→ TASK BRIEF: The reply should hold only the lines below beginning at the one with "Excel Import der" and ending at the one with "گوش دادن به موزیک برای کاهش استرس", copied exactly, with every picture left out.

[DATA SUPPLIED — start]

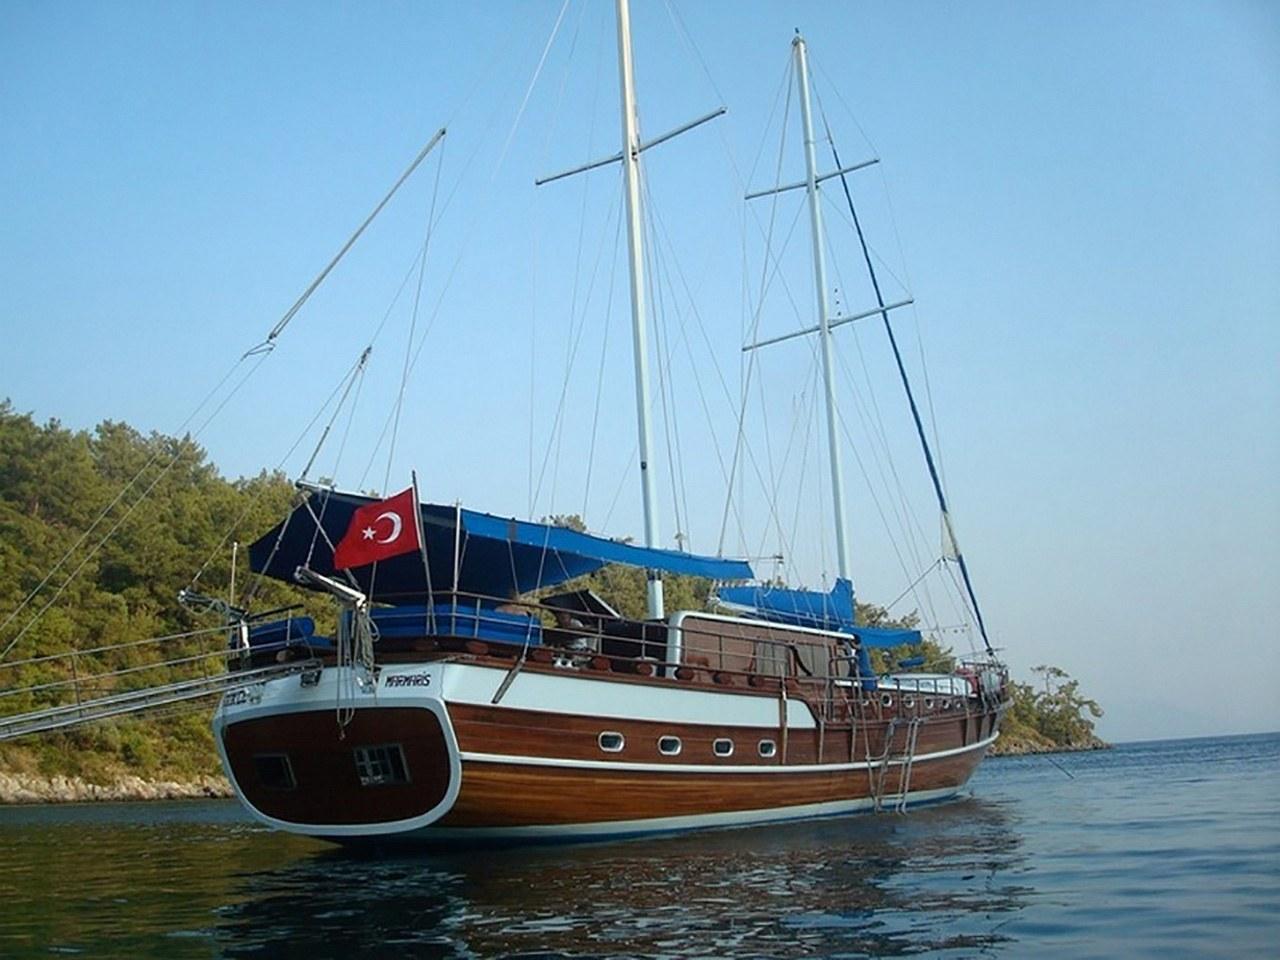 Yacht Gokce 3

[DATA SUPPLIED — finish]
[DATA SUPPLIED — start]

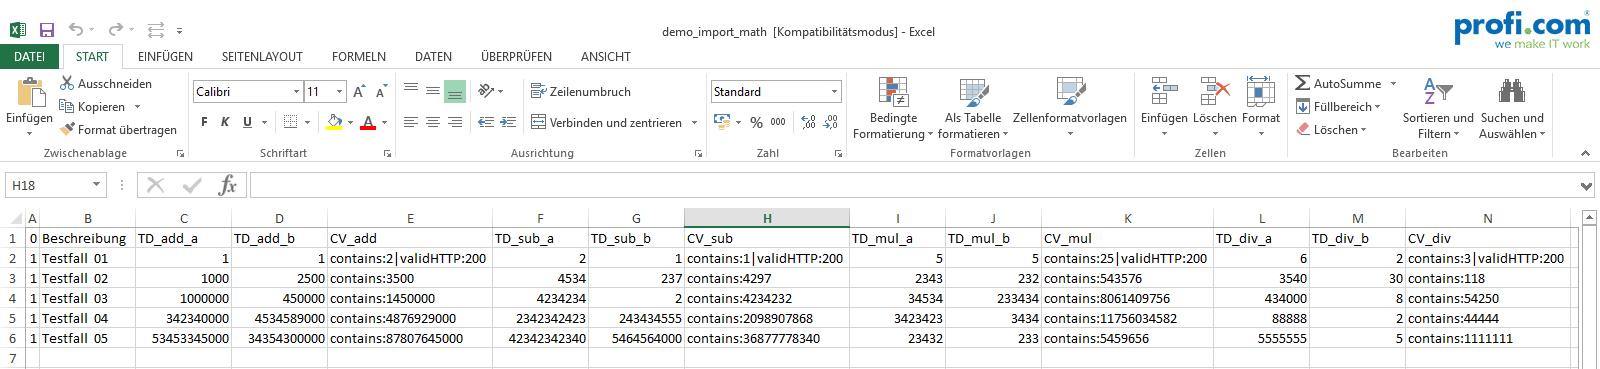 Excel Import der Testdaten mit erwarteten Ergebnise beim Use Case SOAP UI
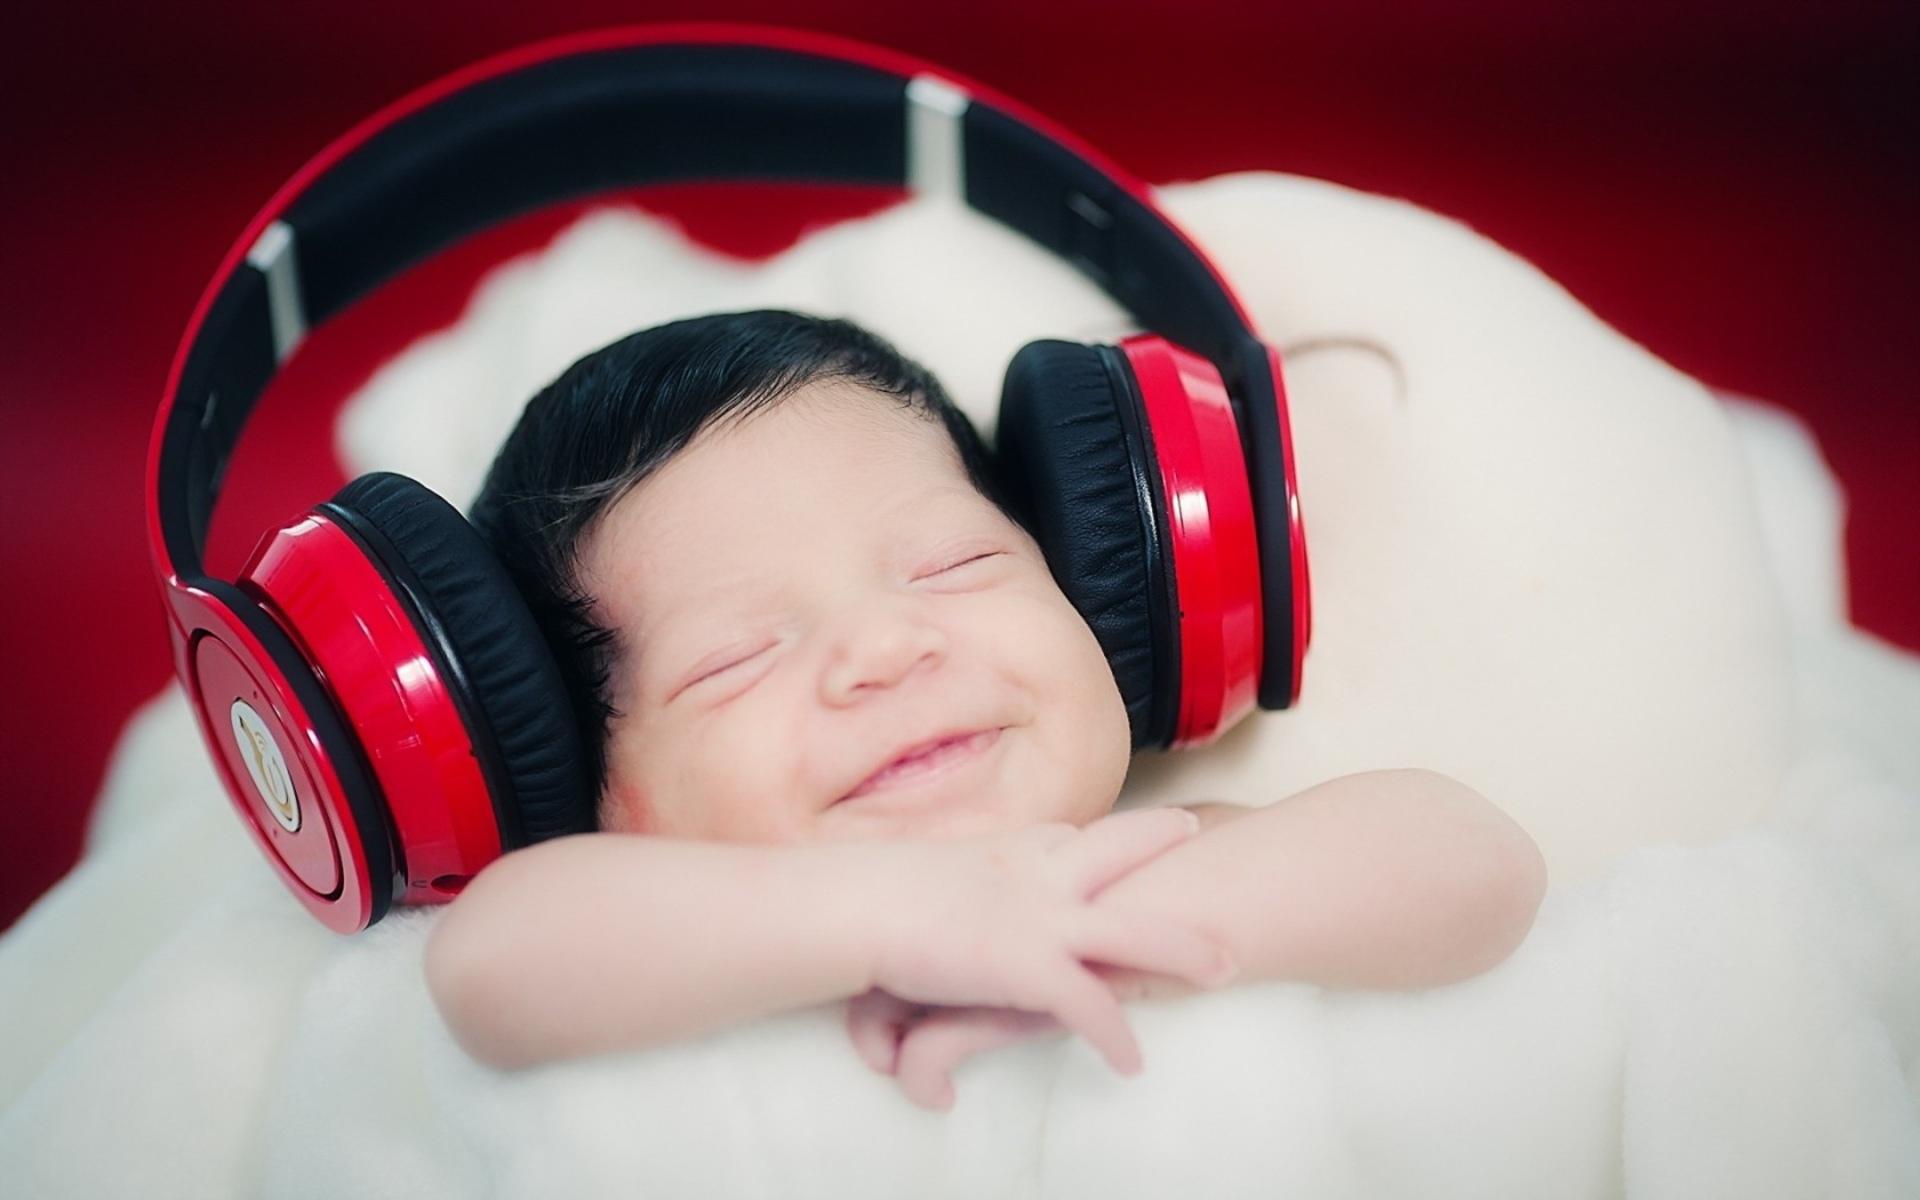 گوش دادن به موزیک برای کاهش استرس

[DATA SUPPLIED — finish]

→ ANSWER TO THE PROBLEM:
 Excel Import der Testdaten mit erwarteten Ergebnise beim Use Case SOAP UI
 گوش دادن به موزیک برای کاهش استرس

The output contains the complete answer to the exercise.